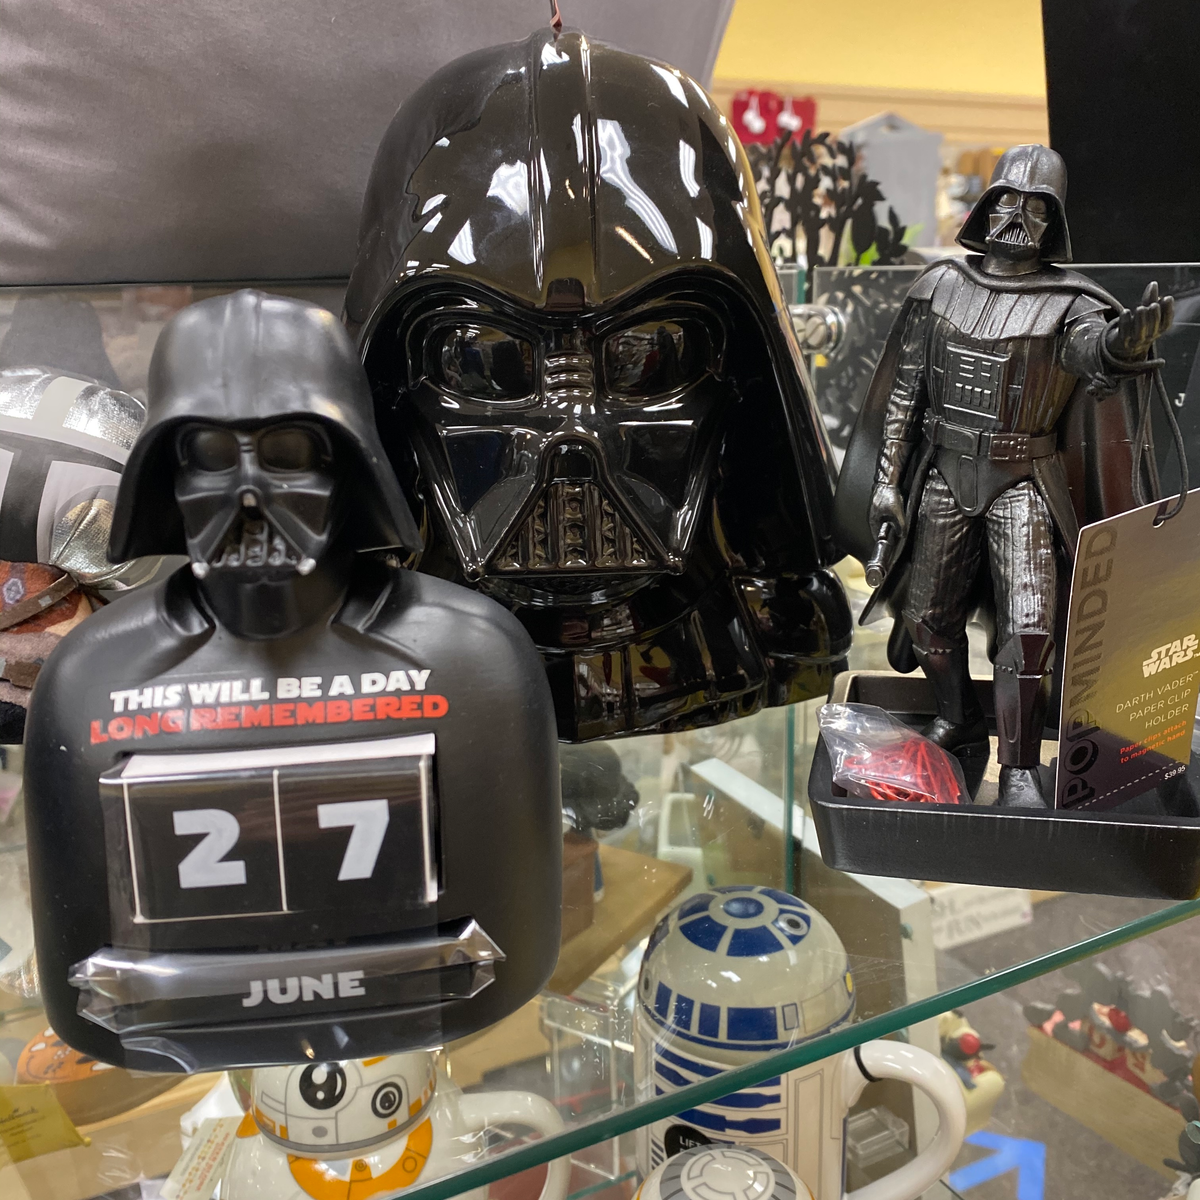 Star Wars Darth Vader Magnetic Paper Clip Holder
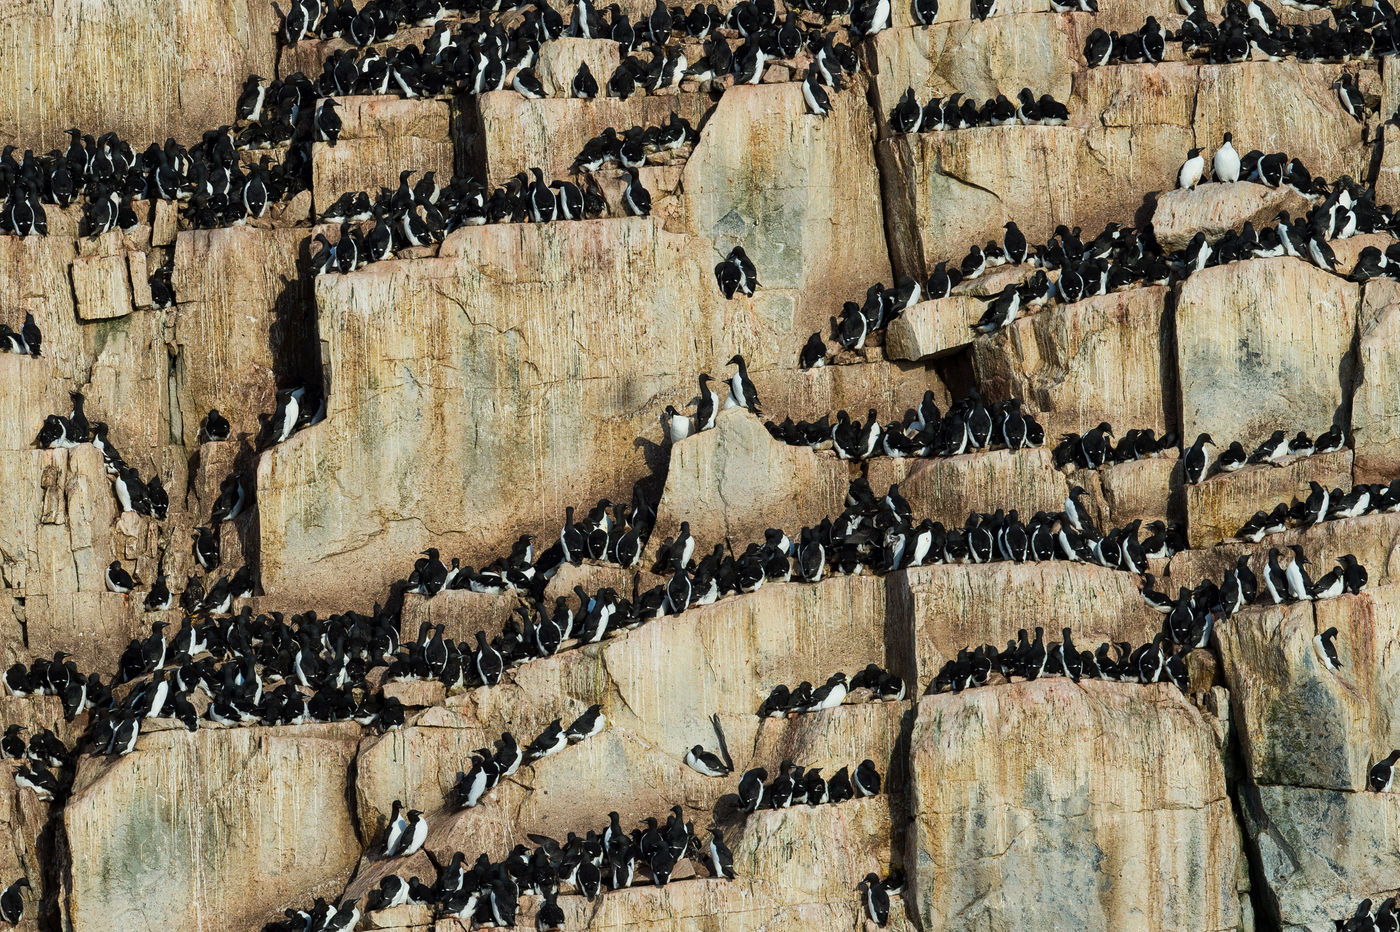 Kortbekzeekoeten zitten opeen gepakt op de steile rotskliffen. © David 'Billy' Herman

----------

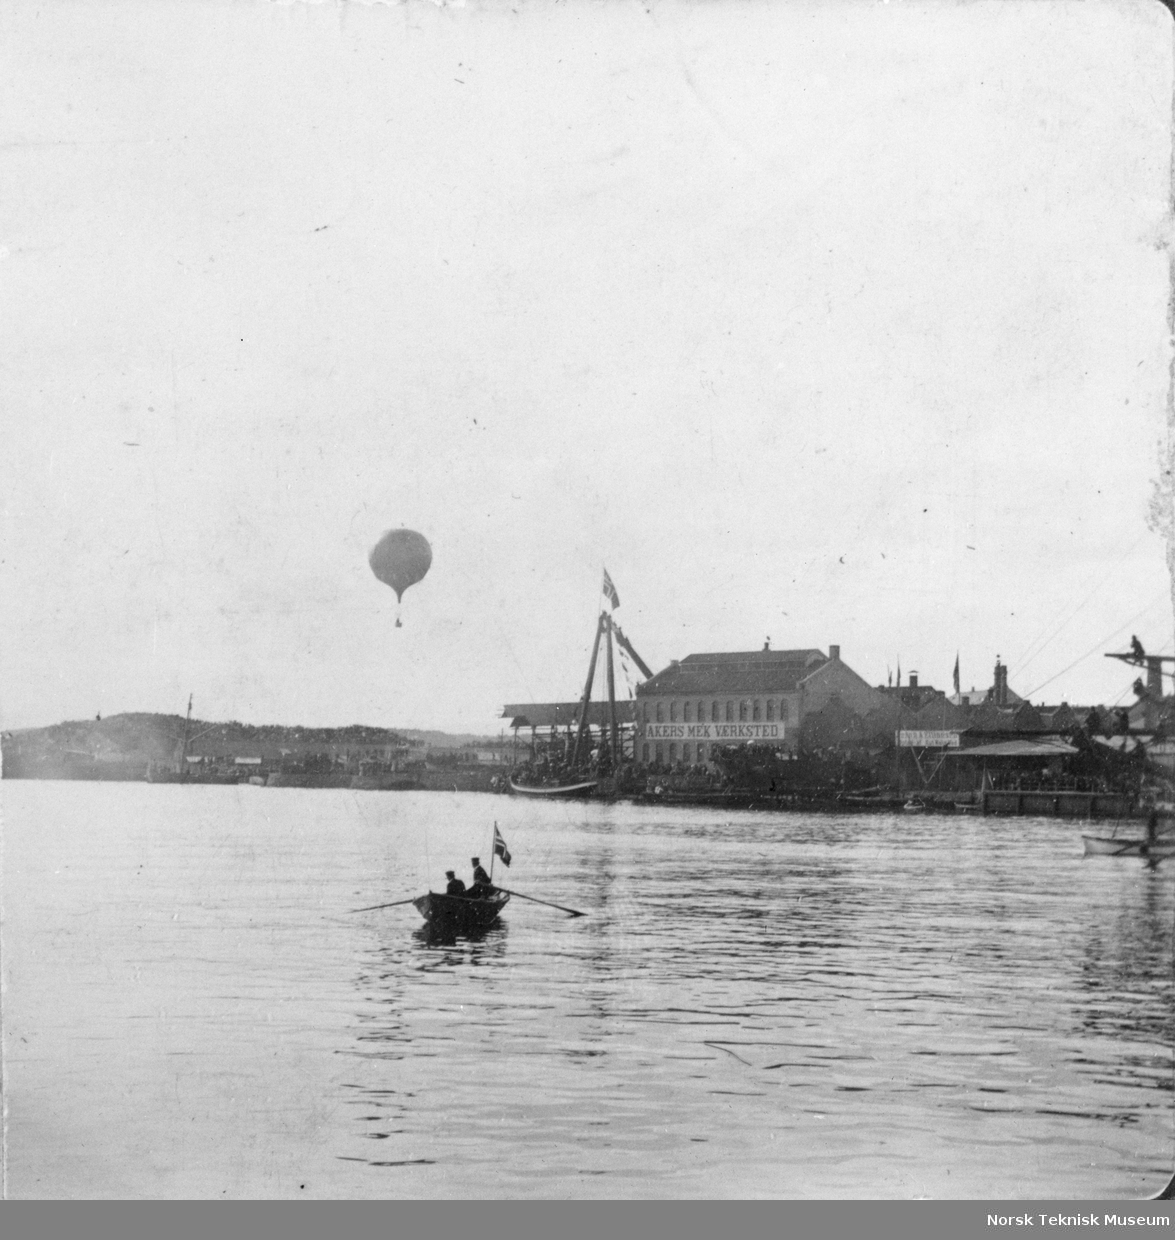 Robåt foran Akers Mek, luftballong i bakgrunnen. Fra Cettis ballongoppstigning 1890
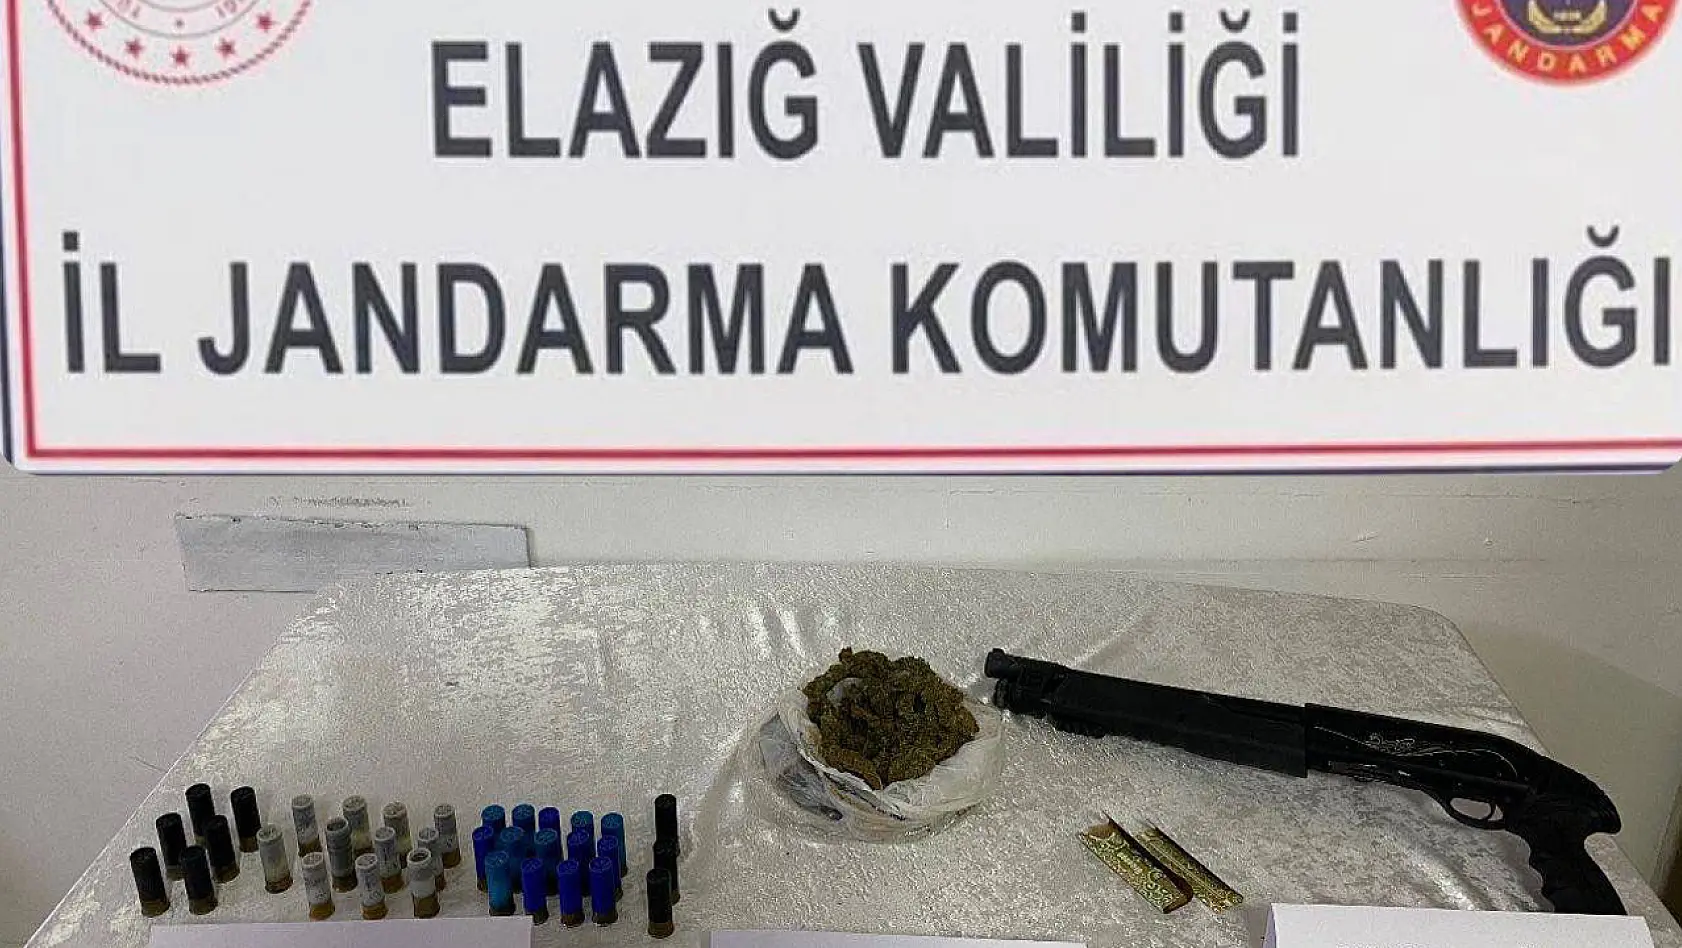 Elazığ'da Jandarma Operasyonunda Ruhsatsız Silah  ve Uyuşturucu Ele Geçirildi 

----------

Exercise goal: In the listing above, find the line containing "Robåt foran Akers" and the line containing "Elazığ'da Jandarma Operasyonunda", then output those two lines and everything between them exactly as written, without the images.

Answer section:
 Robåt foran Akers Mek, luftballong i bakgrunnen. Fra Cettis ballongoppstigning 1890
 Elazığ'da Jandarma Operasyonunda Ruhsatsız Silah  ve Uyuşturucu Ele Geçirildi 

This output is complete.